What you have to do:
Starting with the line that contains "The Secretary for", copy every line through the end of the listing, exactly and only those. No pictures should appear in the copy.

Dataset excerpt:
+++
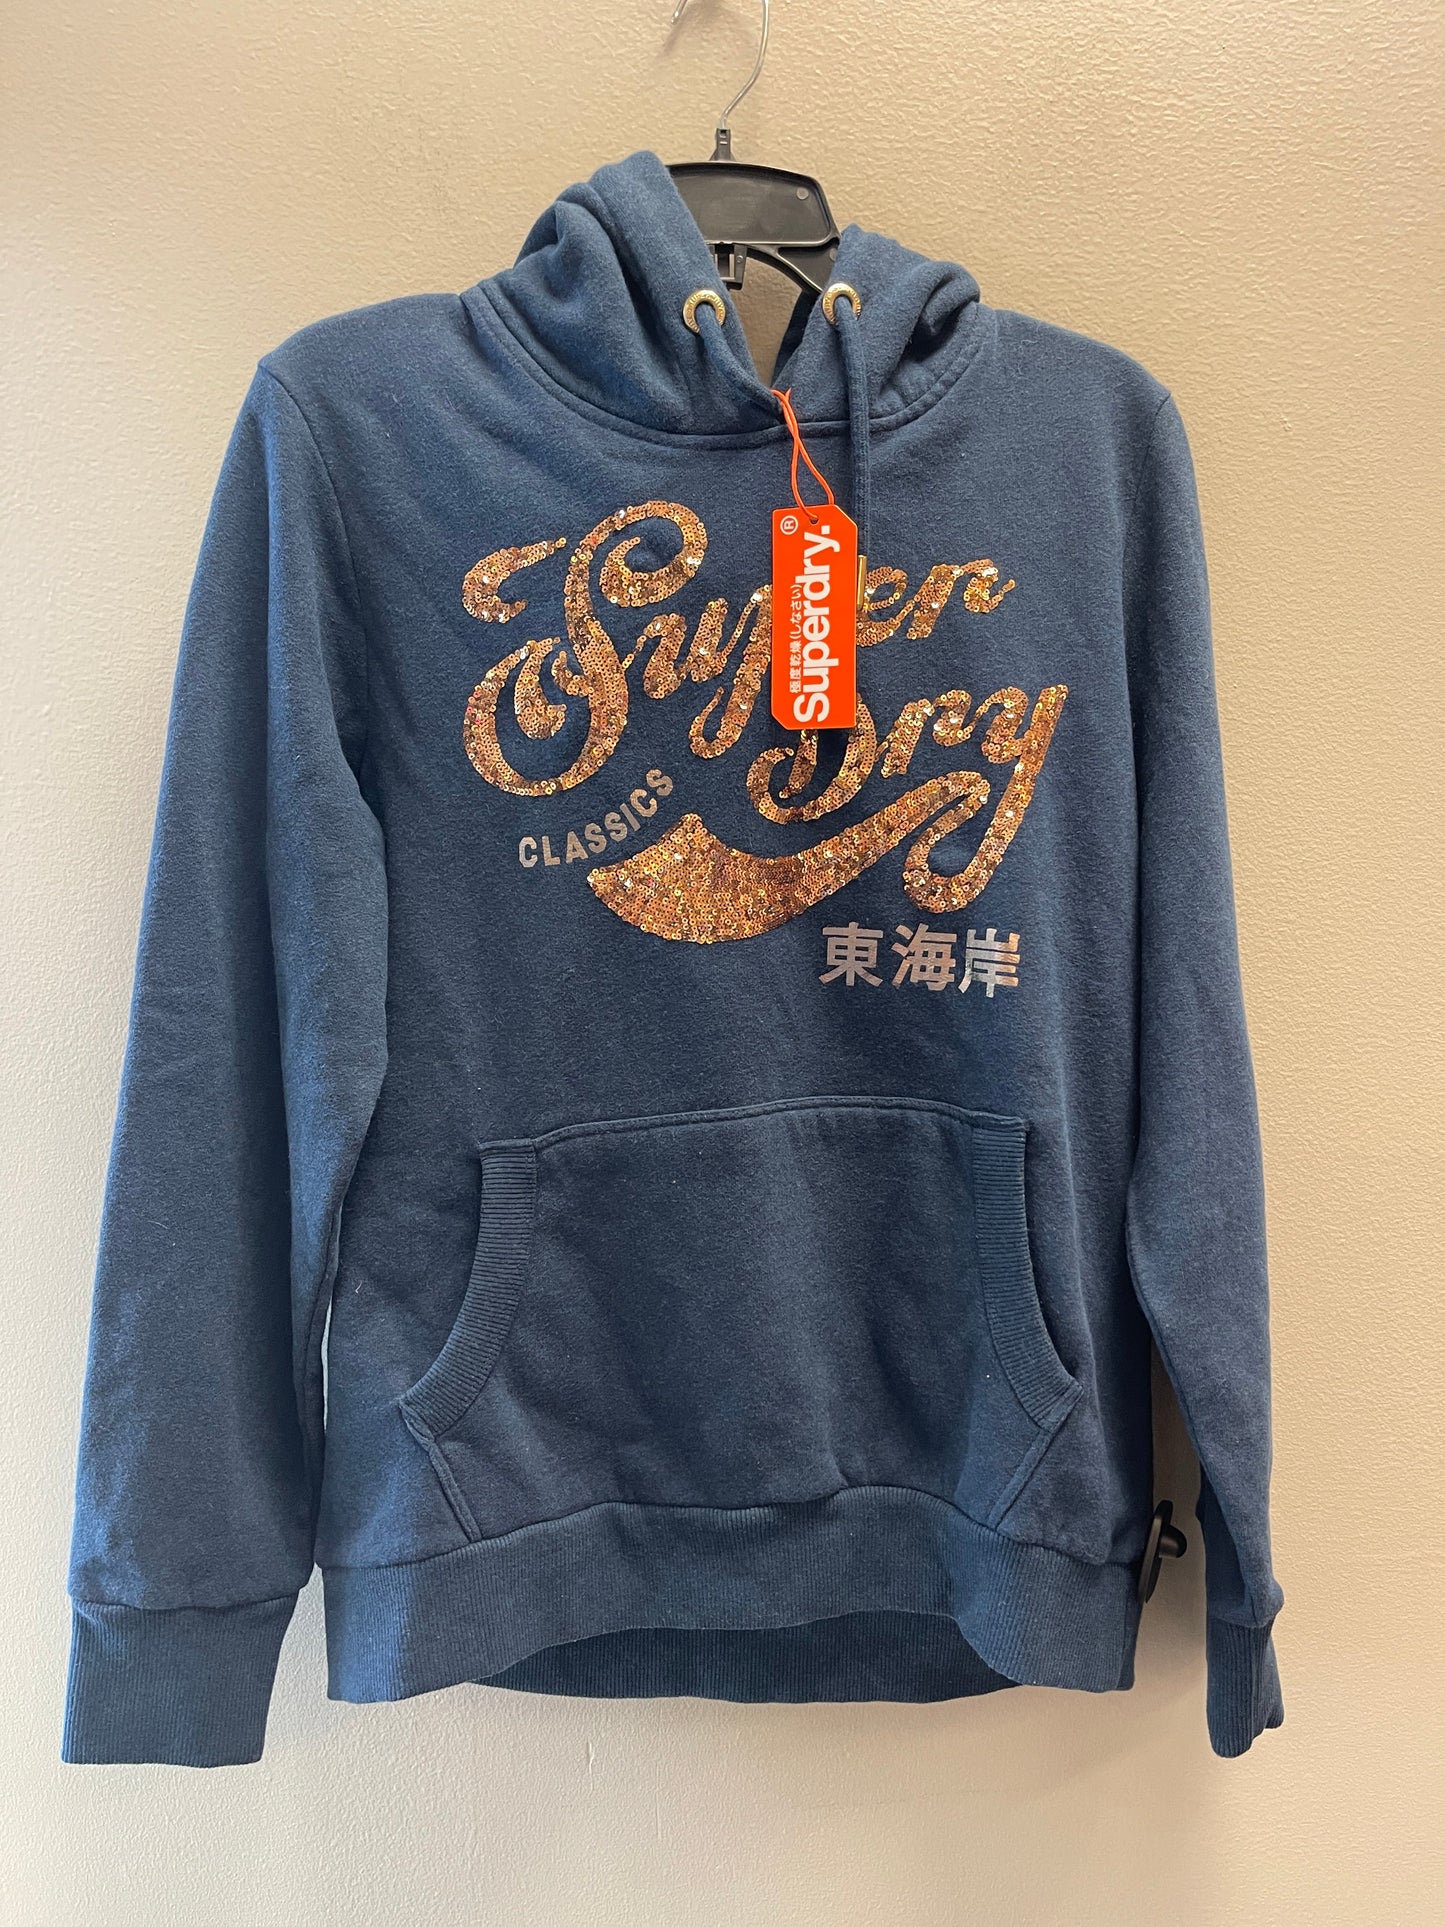 Sweatshirt Hoodie By Clothes Mentor  Size: L
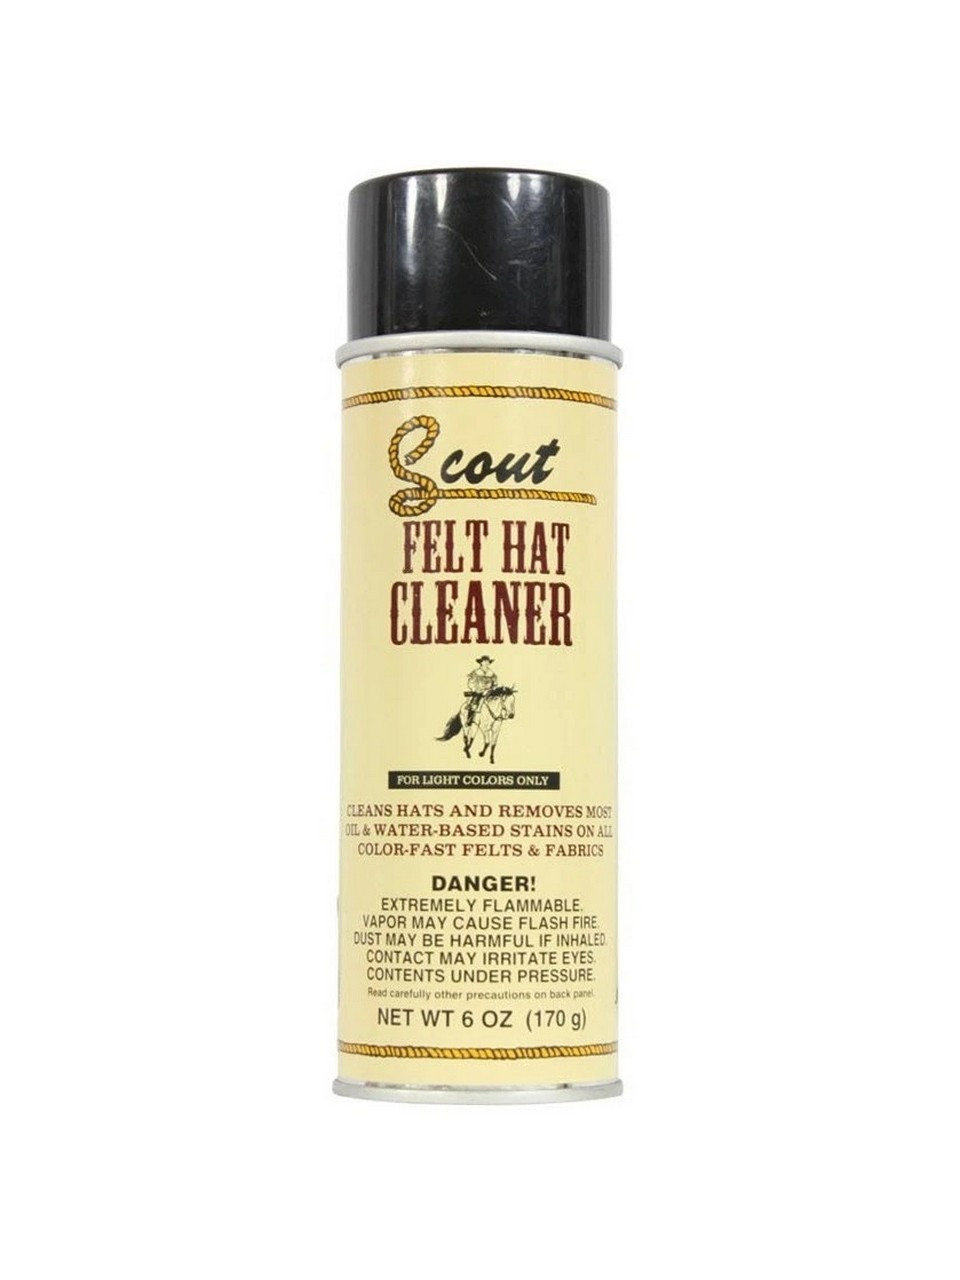 M&F Scout Felt Hat Cleaner for Dark Colors - 01047
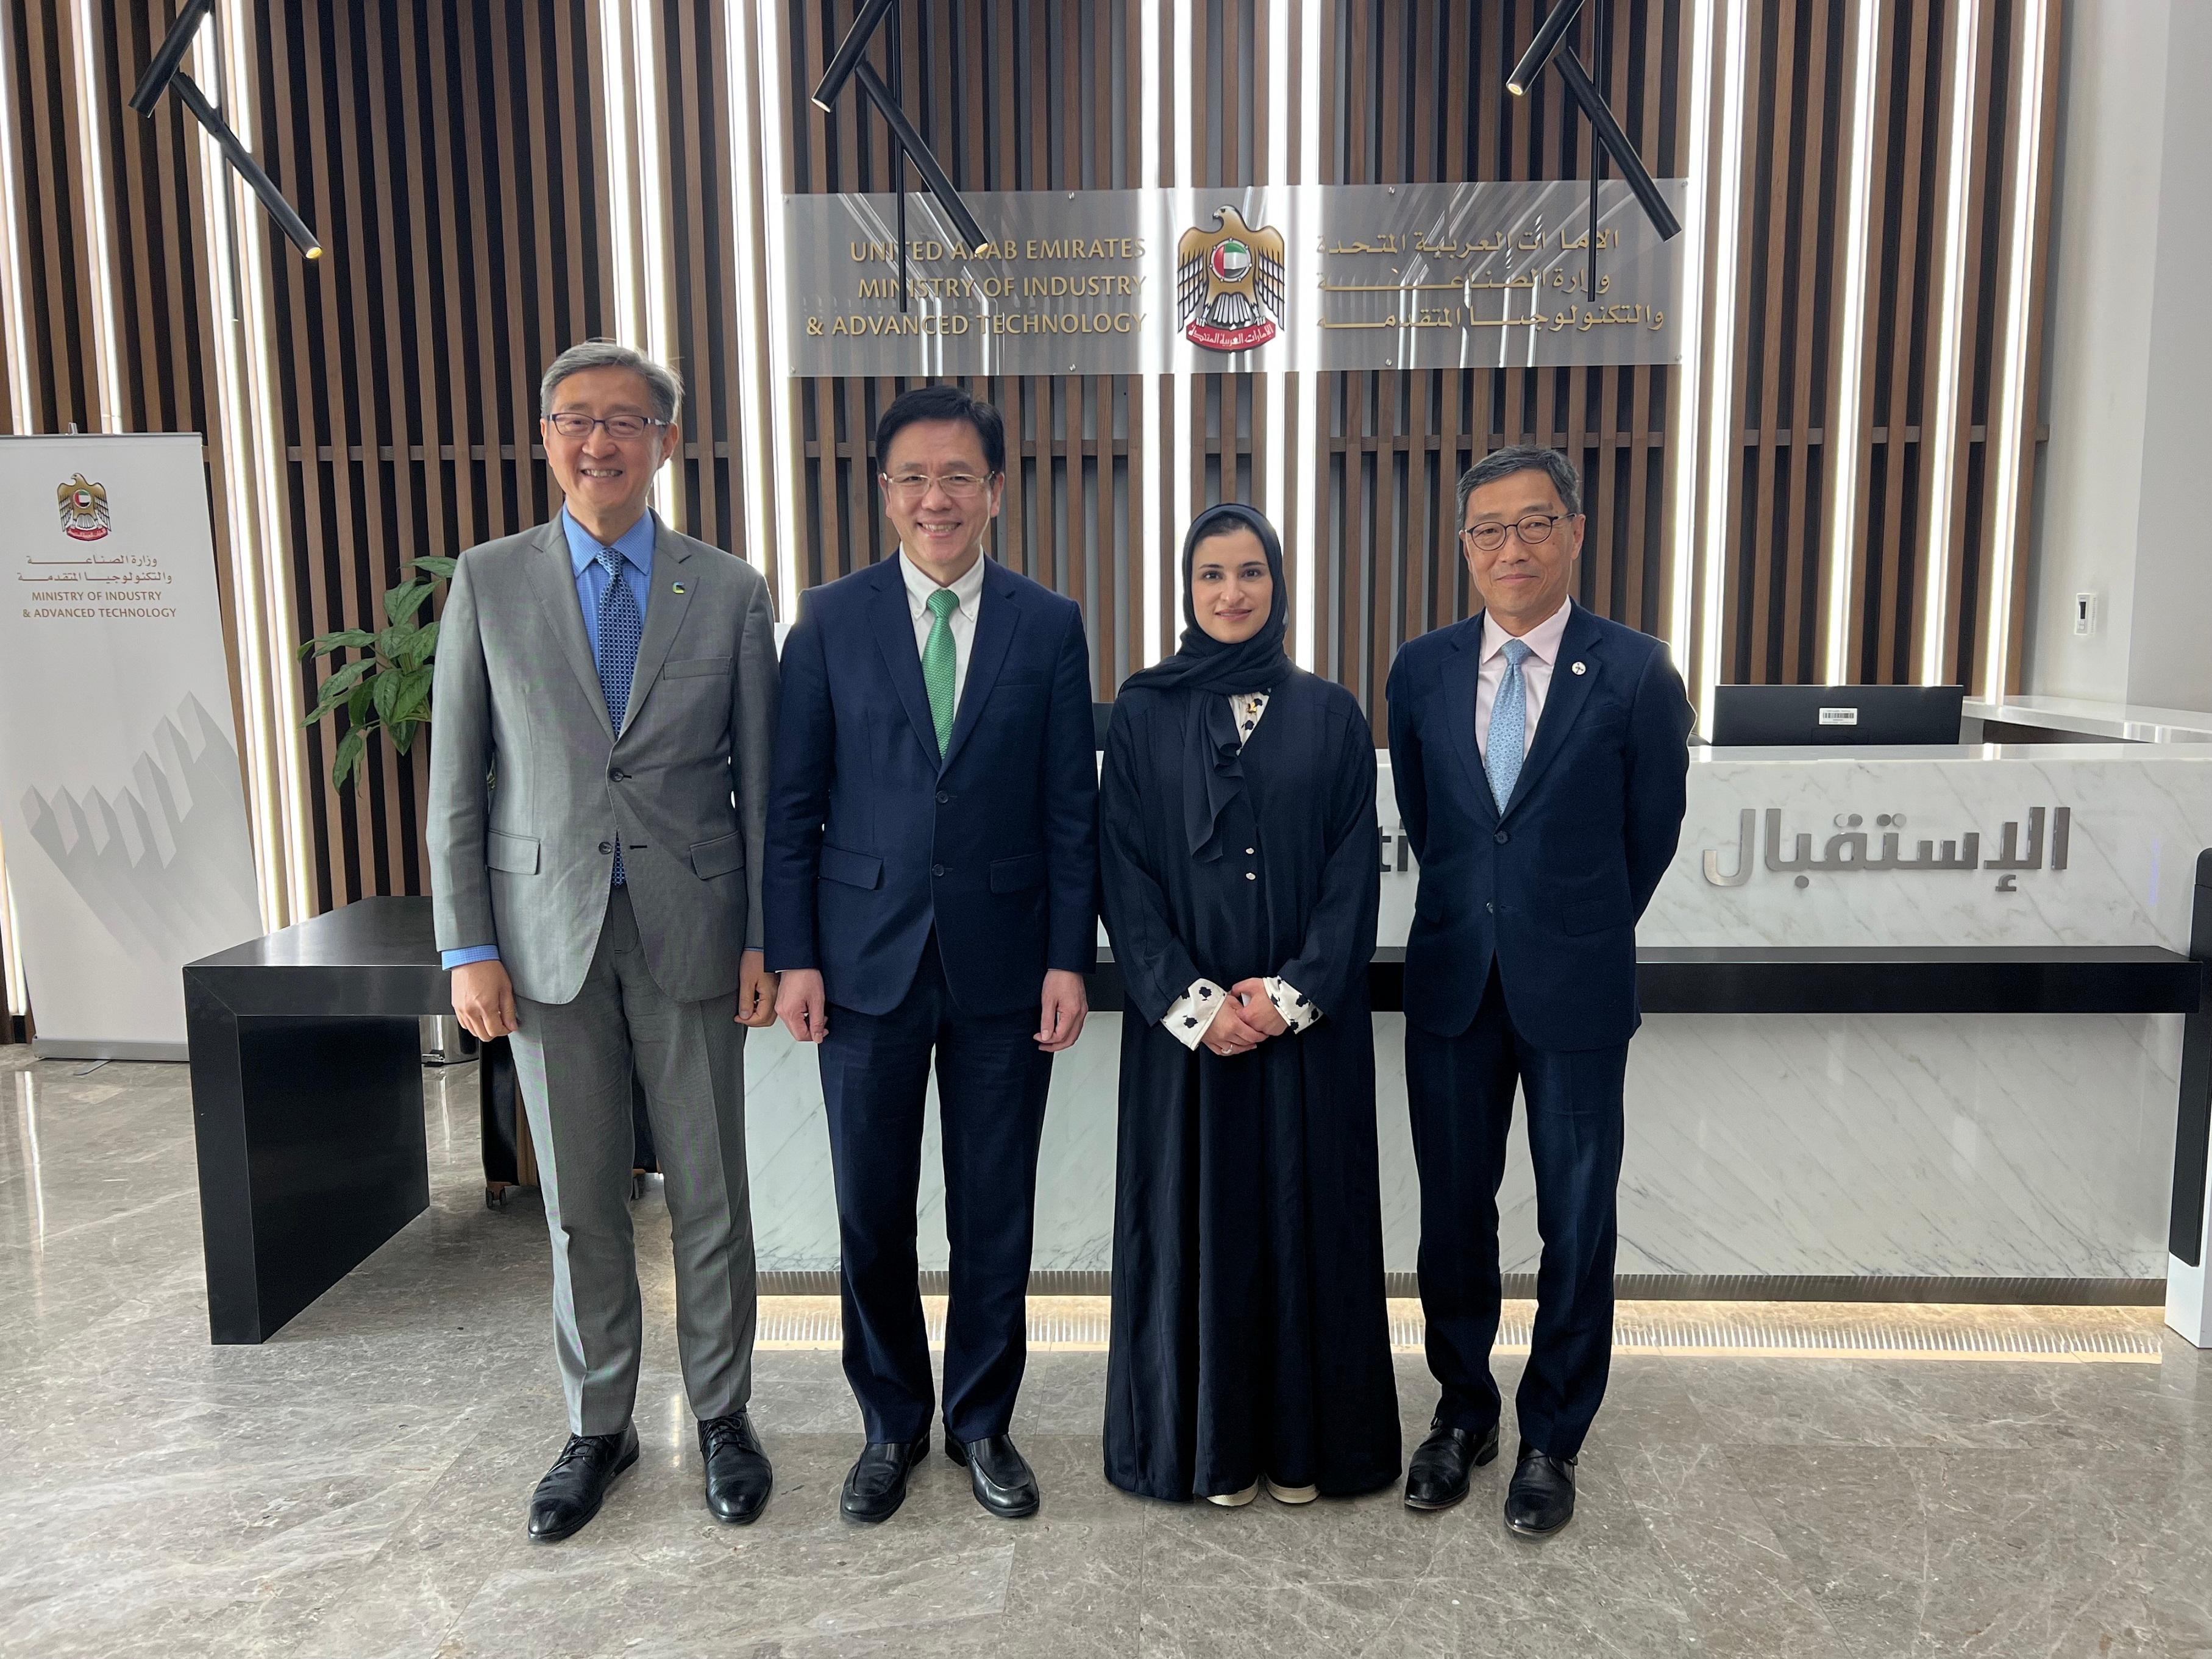 The Secretary for Innovation, Technology and Industry, Professor Sun Dong (second left), on March 6 (Dubai time) met with the Minister of State for Advanced Technology of the United Arab Emirates, Ms Sarah bint Yousif Al Amiri (second right), and both sides expressed their willingness to strengthen co-operation in innovation and technology and new industrialisation between the two places. Looking on are the Chief Executive Officer of the Hong Kong Science and Technology Parks Corporation, Mr Albert Wong (first right); and the Chief Executive Officer of the Hong Kong Cyberport Management Company Limited, Mr Peter Yan (first left).

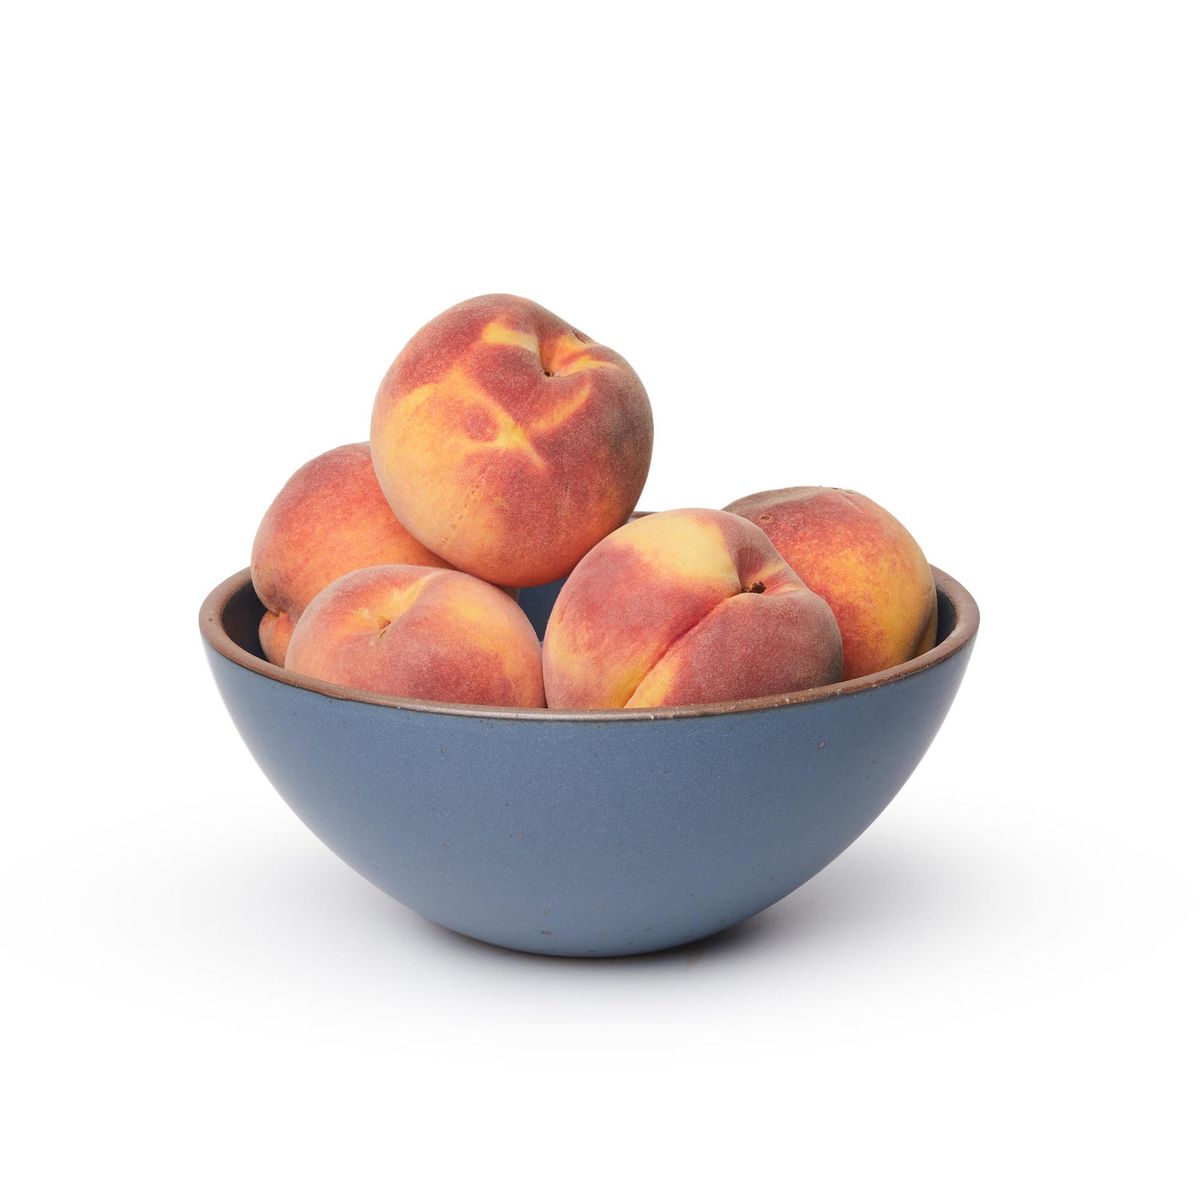 A large rounded ceramic bowl in a toned-down navy color featuring iron speckles and an unglazed rim, filled with peaches
+++
Reply:
 The Secretary for Innovation, Technology and Industry, Professor Sun Dong (second left), on March 6 (Dubai time) met with the Minister of State for Advanced Technology of the United Arab Emirates, Ms Sarah bint Yousif Al Amiri (second right), and both sides expressed their willingness to strengthen co-operation in innovation and technology and new industrialisation between the two places. Looking on are the Chief Executive Officer of the Hong Kong Science and Technology Parks Corporation, Mr Albert Wong (first right); and the Chief Executive Officer of the Hong Kong Cyberport Management Company Limited, Mr Peter Yan (first left).

 A large rounded ceramic bowl in a toned-down navy color featuring iron speckles and an unglazed rim, filled with peaches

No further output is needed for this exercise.